William Rose 2022년 7월 15일
The percent compression is (Au-Ac)/Au, where Au= the amount of information needed to generate the uncompressed image, and Ac= the amount of information needed to generate the compressed image.
Au: Image ben.png is 1408x1849 pixels. The monochrome image (for example, the green channel of the image, which you chose) has 1 byte per pixel, as represented in Matab. Therefore Au=2,603,392 bytes. (A monochrome PNG file on disk will probably be smaller, because PNG uses a lossless compression algorithm.)
Ac: To reconstruct an image that has been compressed with PCA, you need the basis set images and the weighting factors which tell you how much of each basis image to use in the reconstruction. Therefore PCA actually requires MORE infrmation that the original image, if you are only compressing one image: You have to supply each of the basis images, plus the weighting factors. If you are compressing a large set of images, then PCA can produce good compression, because you use a common basis set for all the images, and a small set of wegihting factors for each images. For example, supose you had 1000 images with the same size as "ben". The raw monocrome images require 1408x1849x1000 bytes, i.e. Au=2.603 x 10^9 bytes.

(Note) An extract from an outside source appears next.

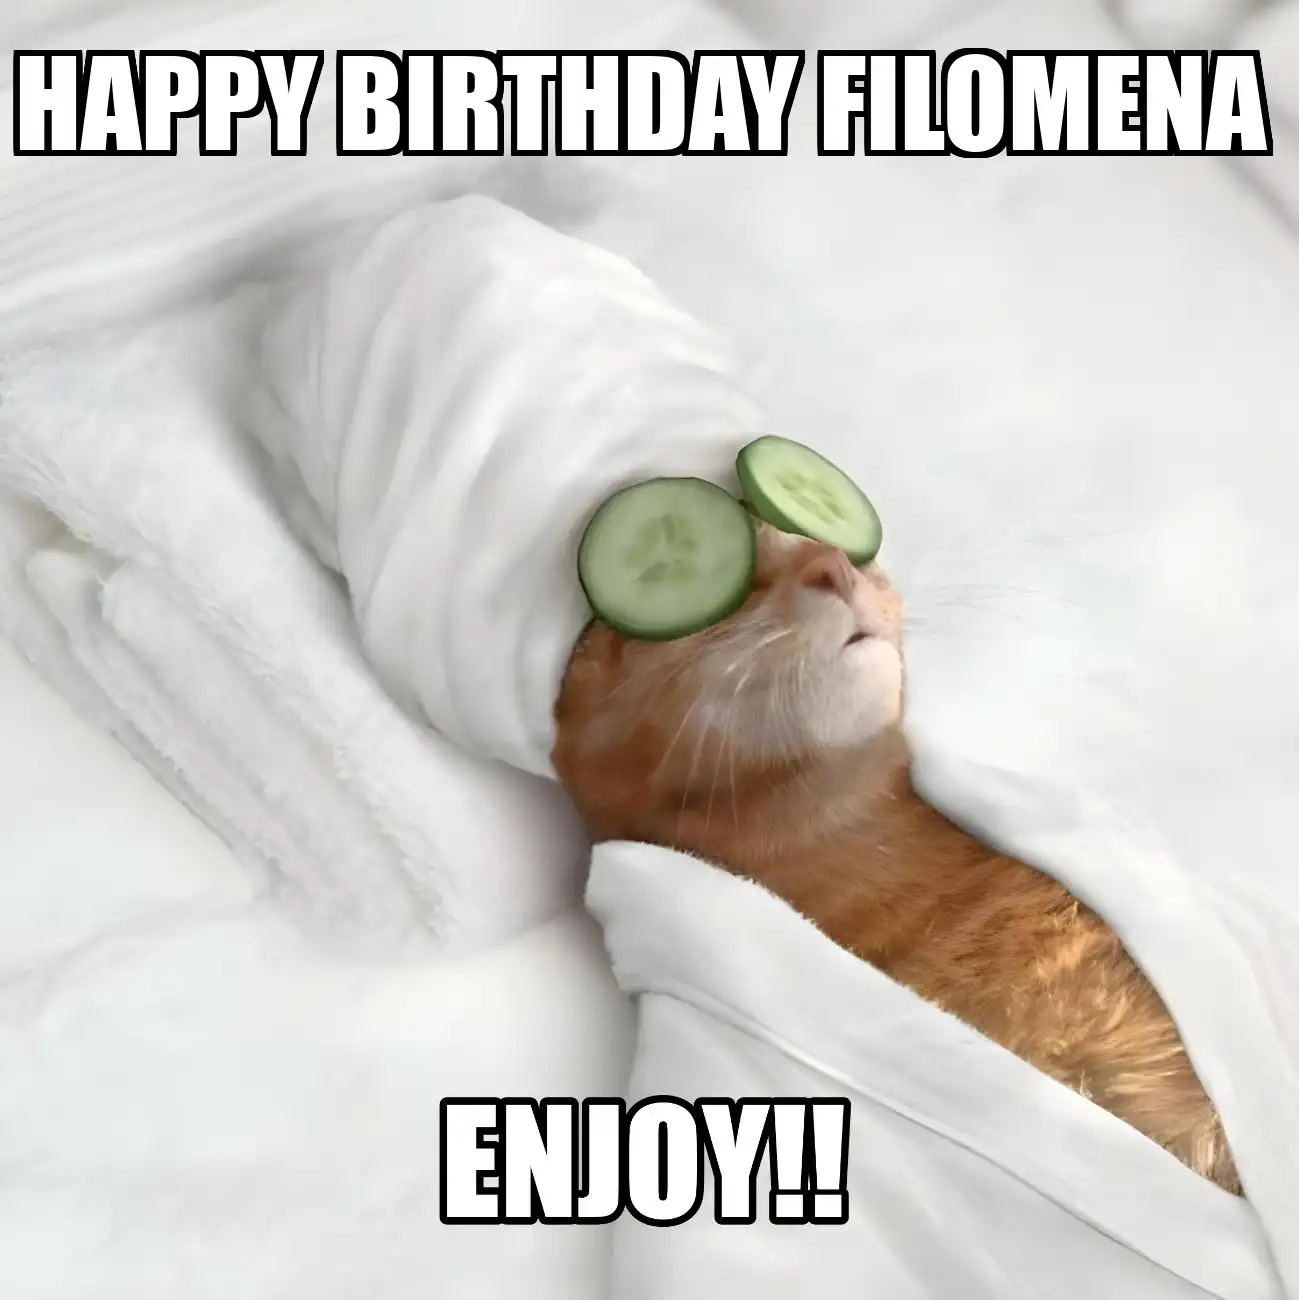 Happy Birthday Filomena Enjoy Cat Meme

If you recontsruct the images using the first 20 principal components, you would need 1408x1849x20 for the basis images, plus 20x1000 for the weighting factors, i.e Ac=5.209 x 10^6 bytes.
The compression percentage, if you had 1000 images and reconstructed them using 20 principal components (i.e. a basis set of 20 images), would be (Au-Ac)/Au= 98%. The compression ratio for one image with PCA is a negative number, bcause you need more informatin to reconstruct it with PCA than the original image.
For a set of RGB images, you can do PCA on each color independently.
##### 댓글 수: 2표시숨기기 이전 댓글 수: 1
William Rose 2022년 7월 18일
편집: William Rose 2022년 7월 19일
[edited: I should have said "row" in csome places where I said "column", and I added text to clarify.]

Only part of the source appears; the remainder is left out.